Quantitative comparison of the aberrant Sγ3 footprints observed in p50^+/– and p50^–/– resting splenic B cells. A, Densitometry traces of the LMPCR results (shown in Fig. 4B) for the coding strand of in vivo-methylated DNA from unstimulated p50^+/– and p50^–/– splenic B cells.

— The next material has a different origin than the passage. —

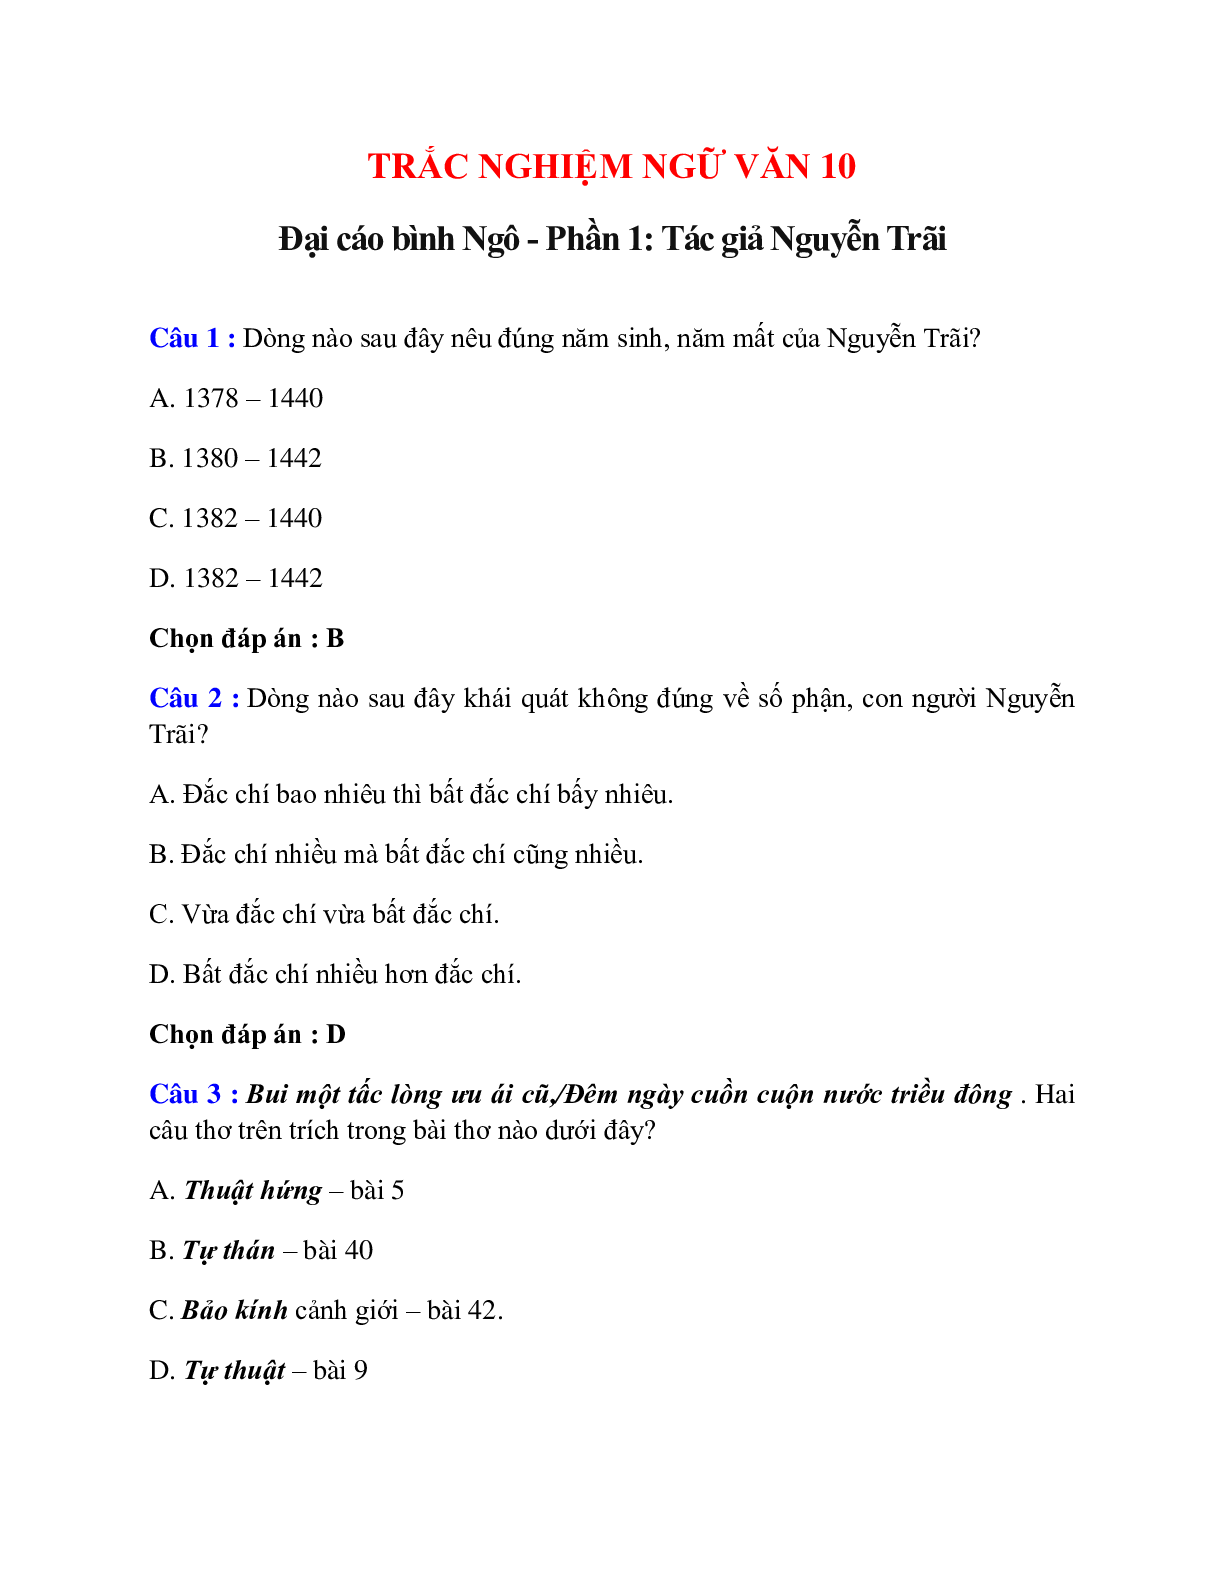 Trắc nghiệm Đại cáo bình Ngô - Phần 1: Tác giả Nguyễn Trãi có đáp án – Ngữ văn lớp 10 (trang 1)

The coding strand sequence is shown, and the positions of residues which are strongly protected (●) or hypermethylated (*) in the p50^–/– resting B cells in vivo are indicated. The Ikaros recognition sequences are underlined. B, Histogram comparing the coding strand signal intensities of in vivo methylated DNA from unstimulated p50^–/– and p50^–/– splenic B cells. Quantitation was performed using ImageQuant software, and the relative intensity for each residue was expressed as the ratio of the p50^–/– signal divided by the p50^+/– signal. C, Densitometry traces of the LMPCR results (shown in Fig. 4C) for the noncoding strand of in vivo methylated DNA from unstimulated p50^+/– and p50^–/– splenic B cells. The noncoding strand sequence is shown, and the positions of residues that are strongly protected (●) or hyper-methylated (*) in the p50^–/– resting B cells in vivo are indicated. Sequences related to the Ikaros core recognition motif are underlined. D, Histogram comparing the noncoding strand signal intensities of in vivo-methylated DNA from un-stimulated p50^+/– and p50^–/– splenic B cells. Quantitation was performed using ImageQuant software, and the relative intensity for each residue was expressed as the ratio of the p50^–/– signal divided by the p50^+/– signal.